Emotions are non-tangible and non-rational, and are therefore not bound by logical laws such as the law of non-contradiction.  It is possible for two emotions to be experienced simultaneously because, conversely from popular belief, no two emotions are in contradiction to each other.  However, as concerns the communicative art form of film, it is only relevant to view each human emotion as a singular piece to be tantalized at a specific point in the process of a total emotional experience.  When attempting to understand the Soviet Montage, we must recognize that the technique refers as much to a sequence of emotions as it does to a succession of individual frames within a scene. (The Filmic Fourth Dimension)

In his essay A Dialectic Approach to Film Form, Eisenstein posits that the implied motion produced through successive frames in a given shot is by its nature a foundational montage, and that his juxtaposition of spatially dissimilar shots is merely a continuation of the same idea.  The audience sees an image of a horse, updated twenty-four times a second by other images of the same horse, albeit differentiated temporally.  Eisenstein is careful to point out that our minds do not see these images as following one after another, but rather superimposed, one on top of – and overriding – the previous in the same sequence.  Our minds infer that because of the geographical contradictions between the images (the horse has one foot on the ground, then two, then one again) the contents of the image must be moving.  This builds a rhythm that may or may not represent comparable and familiar rhythms in reality.  (Dialectic)

Now that is merely a complicated description of how the mind perceives motion within a single shot, but to understand the Soviet Montage, we must understand its artistic and linguistic DNA.  The human mind is trained through natural experience to connect correlated occurrences, and attempts to make sense out of those connections.  For instance, a child may learn very early to connect the optical observance of lightning with the aural perception of thunder – producing a rational understanding and expectation of the two pieces producing a full-sensory whole.  It is this type of mental process that creates the possibility of coherent cinematic montage.

Several still images of a horse running placed in correct sequence can be juxtaposed with images of a crowd cheering to produce in the rational audience’s mind an idea of a horse running in front of the cheering crowd.  We need not see the two together to unquestionably connect their geographical presence in our imaginations.

This whole routine is unreservedly dependent upon the audience’s emotional perception.  Art is a sensory experience.   Eisenstein once wrote of this saying, “because the limit of organic form (the passive principle of being) is Nature.

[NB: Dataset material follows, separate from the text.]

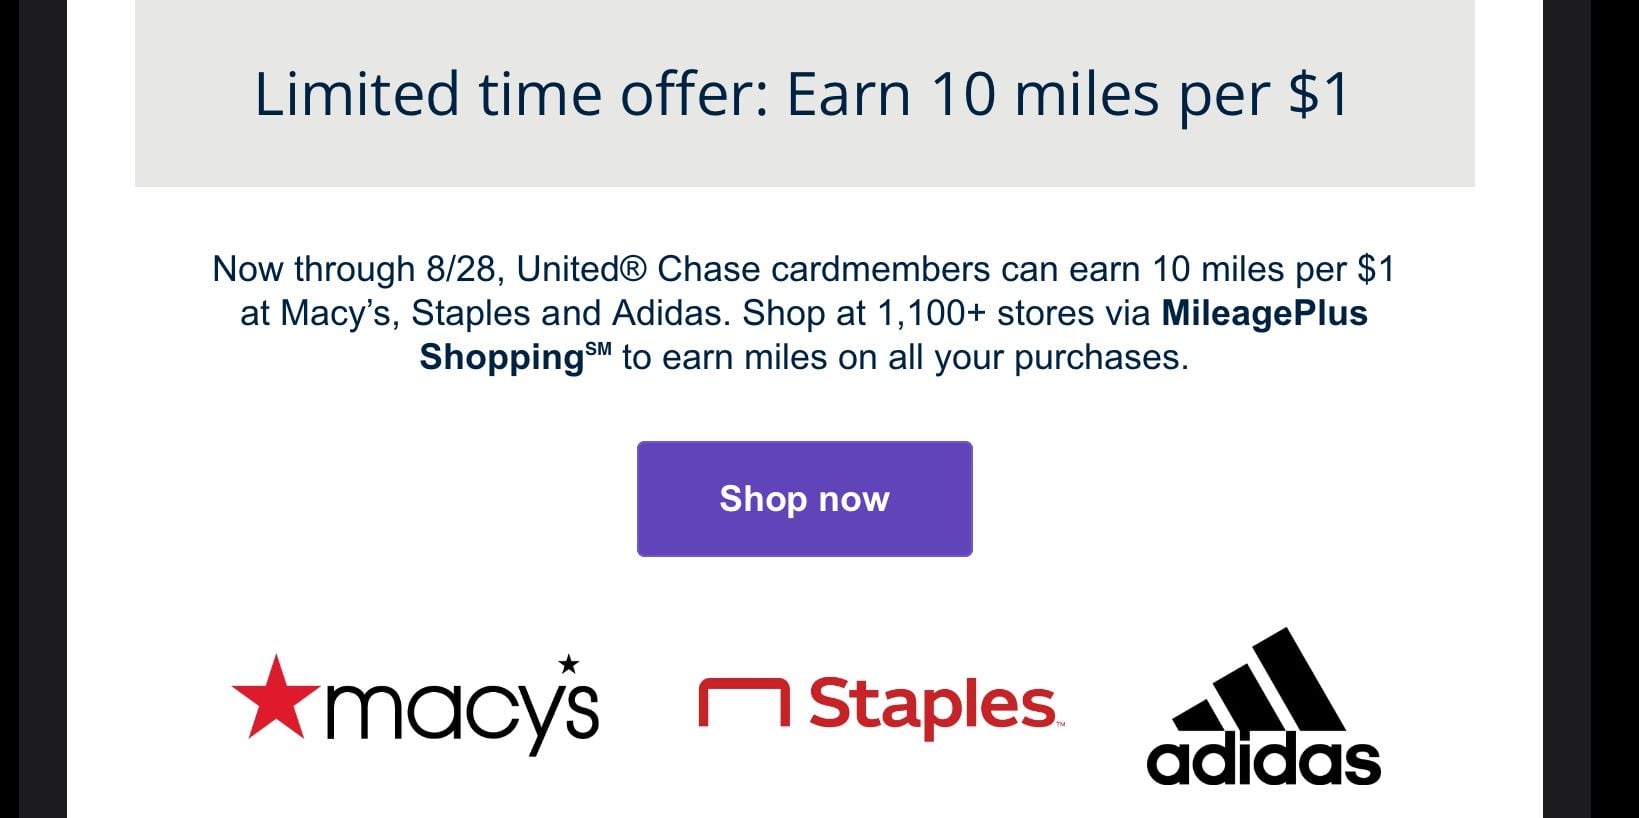 chase-offers-merchant-branded-discounts-or-rebates-on-specific-cards

The limit of rational form (the active principle of production) is Industry. At the intersection of Nature and Industry stands Art.  The logic of organic form vs. the logic of rational form yields, in collision, the dialectic of the art-form.” (Dialectic)

Any art form ought to be understood as a communicative medium in which the thing being communicated is not an idea, but an emotion.  Language communicates intellect, whereas art communicates sensation.  The two are certainly compatible, as in poetry, but also just as certainly inimitably unique.  And as communication requires the process of a message being sent and received, we must acknowledge that distinct communication is impossible without the process of time.  Thus, as words in a sentence are given meaning through context of contiguous words in the same sentence, and sentences are given sub-textual meaning through context of other sentences within a conversation, given shots within a scene will conform to an over-tonal meaning intrinsically contextualized by other shots within the same scene, and in a broader sense, other scenes throughout the film.

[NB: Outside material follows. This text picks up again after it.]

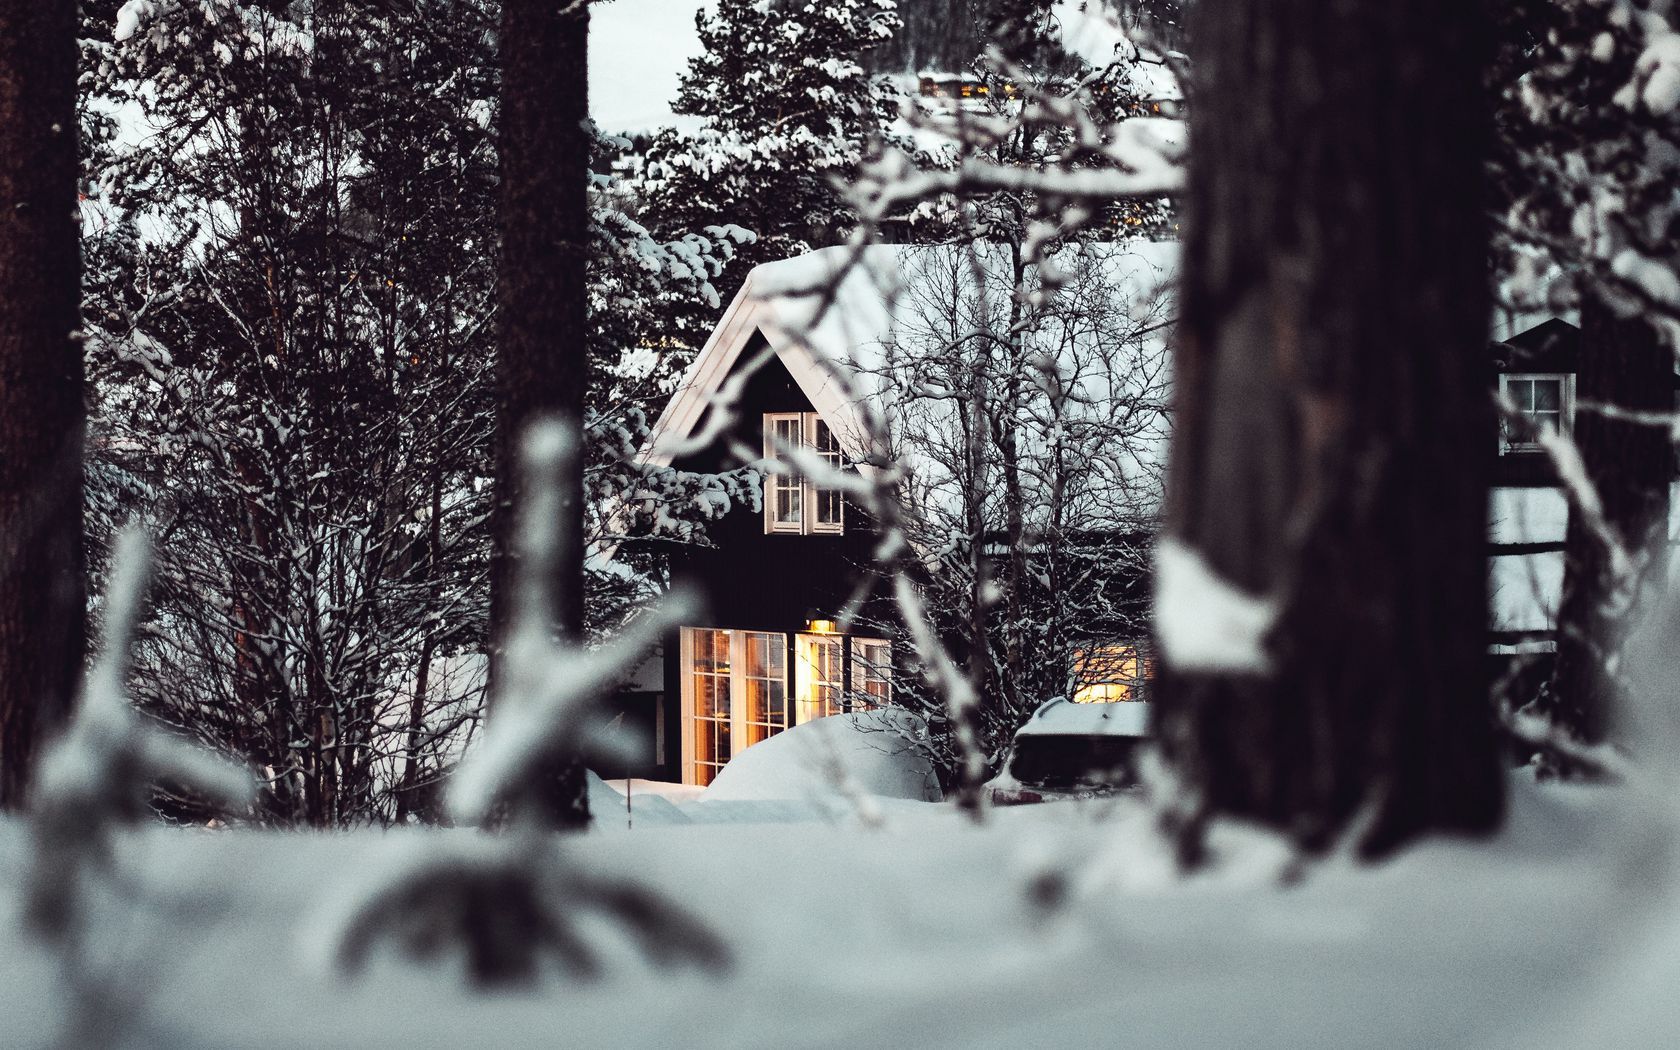 Download wallpaper 1680x1050 house, forest, snow, winter widescreen 16:10 HD background

A single image has no more inherent meaning than a single letter of the alphabet.  Also, the constant presence of all images has no meaning because it is impossible for the human mind to perceive multiple images simultaneously.  We require chronological juxtaposition for context, and as proven above, context is required for the receiver/audience to deduce meaning.  That is not to say that the audience is incapable of discerning multiple layers of information simultaneously, but rather that such information must exist free from superimposition between parts.  (Film Form)

In the essay The Filmic Fourth Dimension, Eisenstein compares film to music thusly, “There, along with the vibration of a basic dominant tone, comes a whole series of similar vibrations . . . Their impacts against each other . . . envelop the basic tone in a whole host of secondary vibrations . . . We find the same thing in optics, as well. All sorts of aberrations, distortions, and other defects, which can be remedied by systems of lenses, can also be taken into account compositionally, providing a whole series of definite compositional effects.”  To simplify, he is describing the methods by which musicians and filmmakers are capable of manipulating audience emotion.  The interesting thing about this analogy is that film is not only comparable to music, it can also incorporate music into its own being.  The overtones and undertones of an operatic motif compliment the visual overtones and undertones of the cinematography and editing.  This is the heart of Soviet Montage theory: a non-meaningful point is complimented, supplemented, and superimposed by a carefully crafted selection of spatially related points to create a full-sensory emotional experience.  (Dialectic, The Filmic Fourth Dimension, Methods of Montage)

Let’s look at this in practice.  The prime example of Eisenstein’s technique is the famous Odessa Steps sequence from the 1925 film Battleship Potemkin.  The scene begins with a crowd of peasants celebrating the bravery and sacrifice of the crew of the Battleship Potemkin.  “And suddenly,” they are attacked by militarized evil manifest as faceless troops opposed to the ideals of the people.  Though these troops march in unison, they do not march to the beat of the music.  This creates a sense of contradiction.  Our mind tries to make sense of what happens onscreen with what the musical overtones tell us.  But the obvious connection (marching to a beat) is skewed by this audio/visual contradiction.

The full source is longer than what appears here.